There's a heap of reasons I prefer iOS and this is just one of them.
So in your opinion why has Apple always refused to sign a BAA if they're "not worth the paper they're printed on"? They're one of the very few (Dropbox is another) that refuses to accept any responsibility for HIPAA provisions.
Exactly- they know that cloud services aren't as secure as they need to be (yet). They don't want the liability, and they certainly don't want to pass the liability to their clients, like Google does. But Apple just secured a huge presence in the healthcare space with HealthKit. The customer now has the responsibility and option to relay healthcare information between them and their providers/healthsystems. What's more is, Apple collects NONE of this data. Their partnership with Epic EHR demonstrates this capability, specifically through Epic's 'MyChart' module. Information isn't saved on Apples servers- it's saved on Epic's servers (which ARE HIPAA compliant), and placed there by either the patient or his/her provider. Apple NEVER has access to this data.
This is an example of what Tim Cook means when he says the customer isn't the product at Apple. Apple introduced HealthKit with the sole intention of making our lives easier, not in an attempt to sell us. (we have yet to see if HealthKit will take off)
Their shop window is a Search Engine...
I trust Google least out of all the tech giants.
I could be one of their greatest assets but I would not work for them if Eric called me personally.
I see you tossing around a lot of insinuations that Google Apps/Cloud are not made HIPAA-compliant when Google and the heath care provider enter into a BAA, or that Google won't accept any responsibility. Any evidence that they aren't? What about Apple services, HIPAA-compliant?
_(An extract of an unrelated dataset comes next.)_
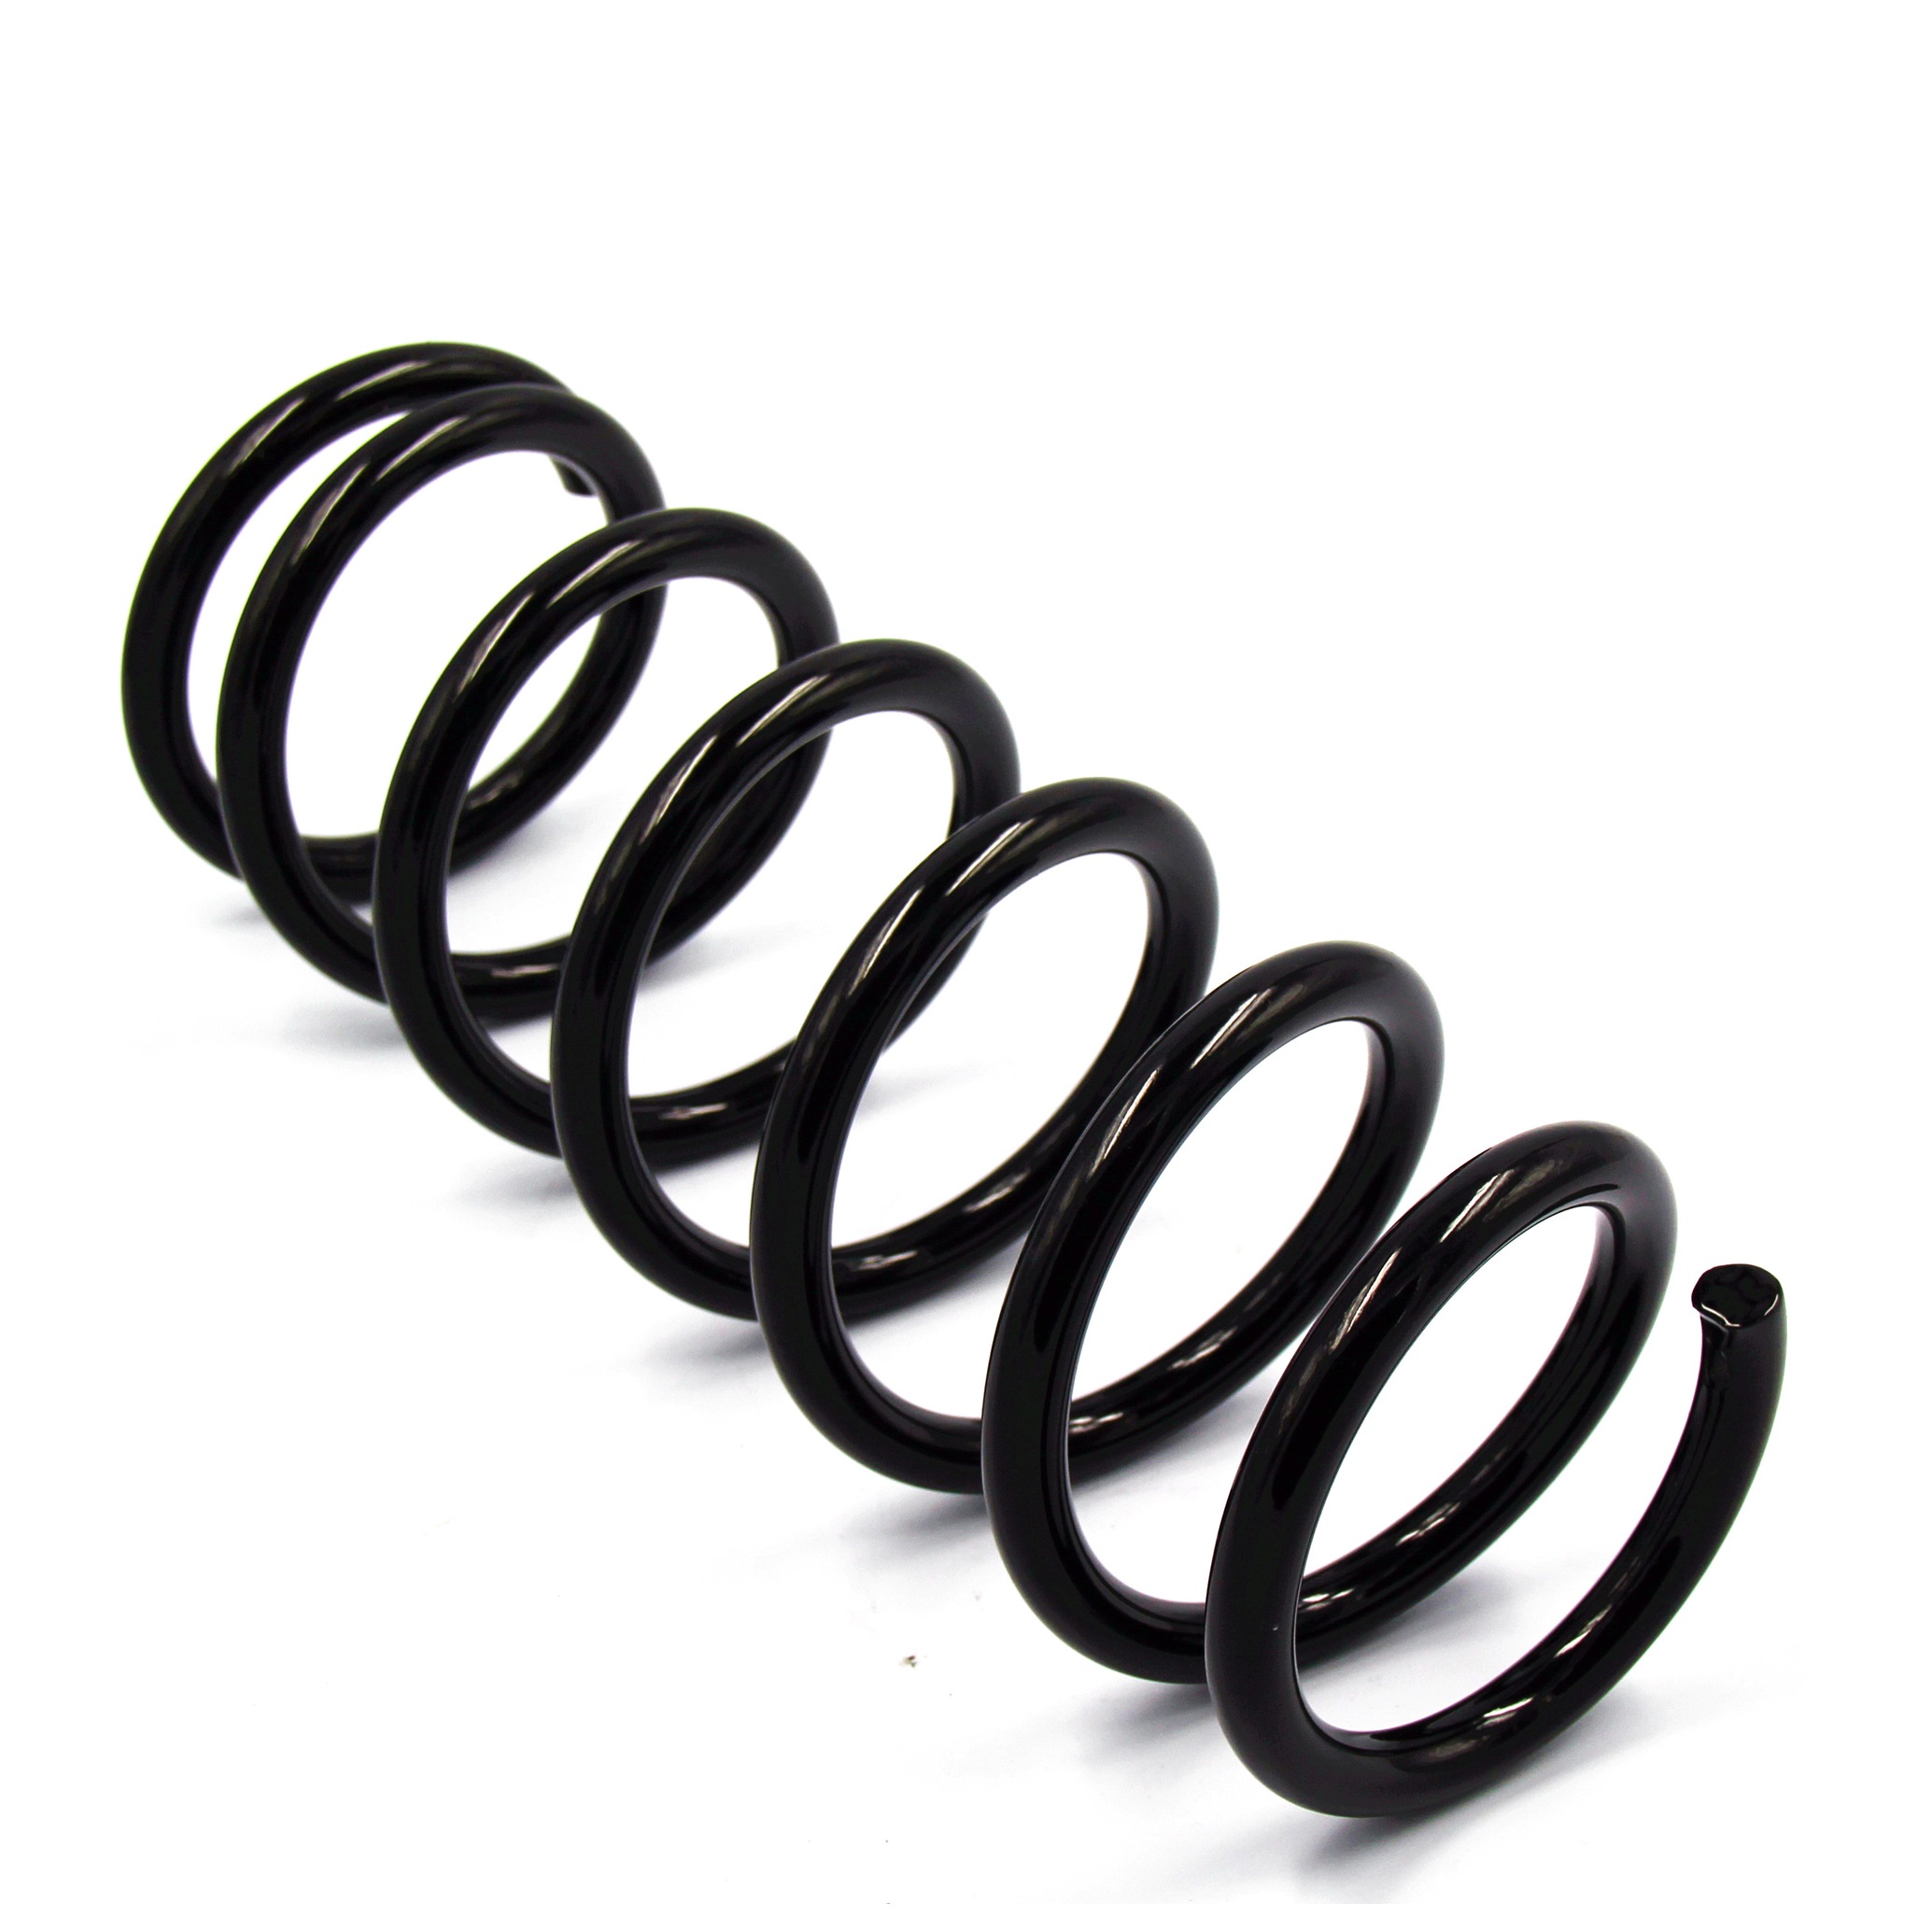 SUSPENSION SPRING for TOYOTA CROWN
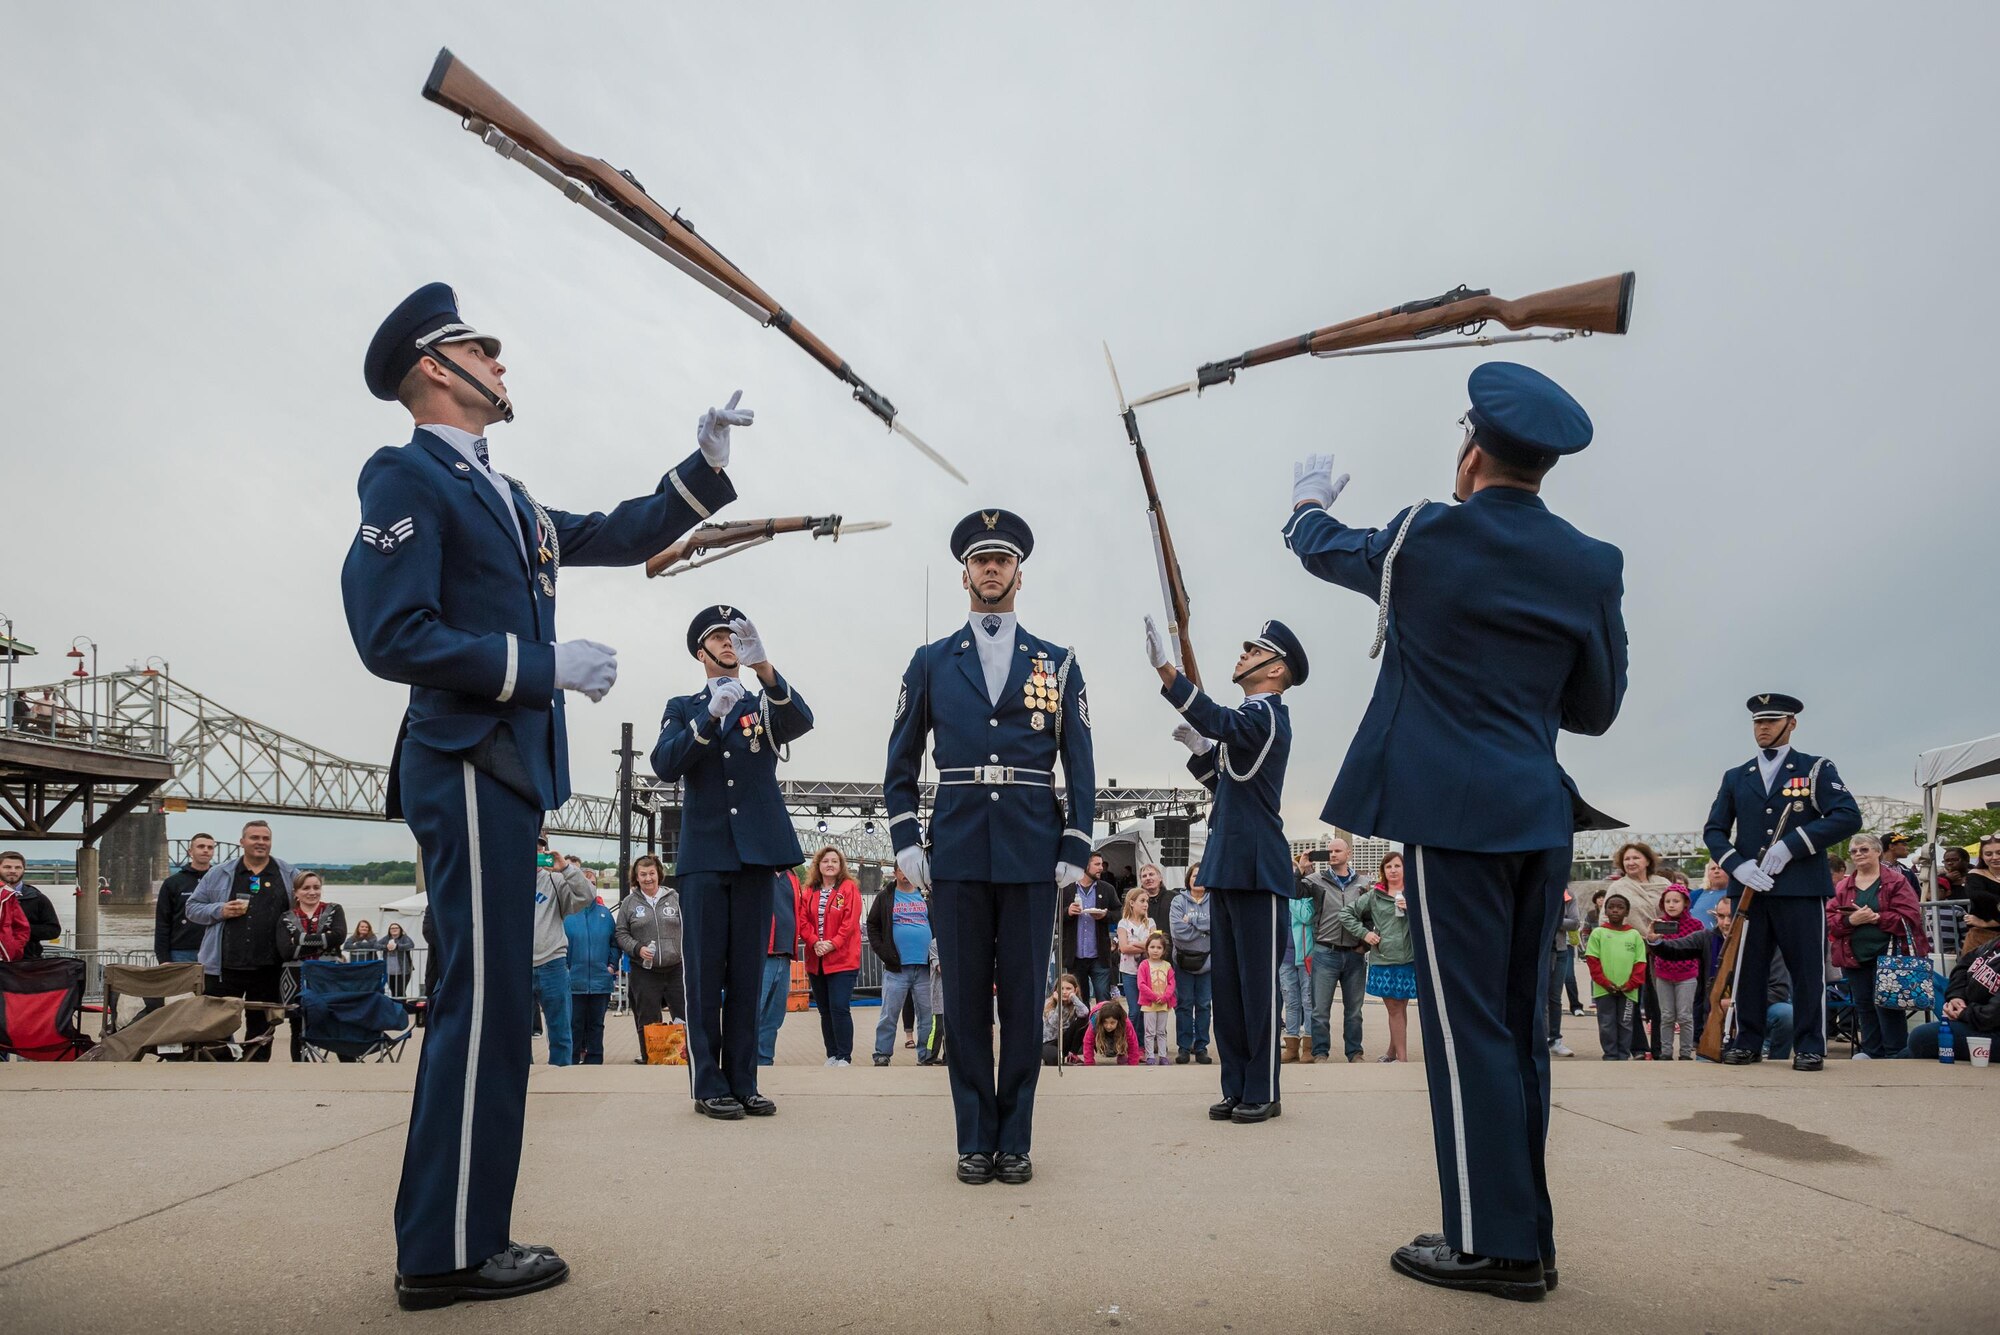 Members of the U.S. Air Force Honor Guard execute a precision rifle drill before an appreciative crowd at Waterfront Park in downtown Louisville, Ky., May 3, 2017, as part of the Kentucky Derby Festival. The Airmen, from Joint Base Anacostia-Bolling in Washington, D.C., strive to represent the Air Force Core Values of integrity, service and excellence through precise drill movements, immaculate appearance and extreme attention to detail. (U.S. Air National Guard photo by Lt. Col. Dale Greer)

I am not taking one side or the other but ... 'AI Readers' ... really? Way to generalize.
No, there are no Russian troops in Crimea, or Ukraine for that matter!
So, to be clear here, and I am neither agreeing nor disagreeing with you on this specific issue but obviously ... You do post on AI specifically and for the sole purpose of being an advocate for Google.
I really wonder why? I cannot imagine wanting to spend more than a few seconds on an Android web site, let alone years of painstakingly written double speak constantly defending Apple at every turn.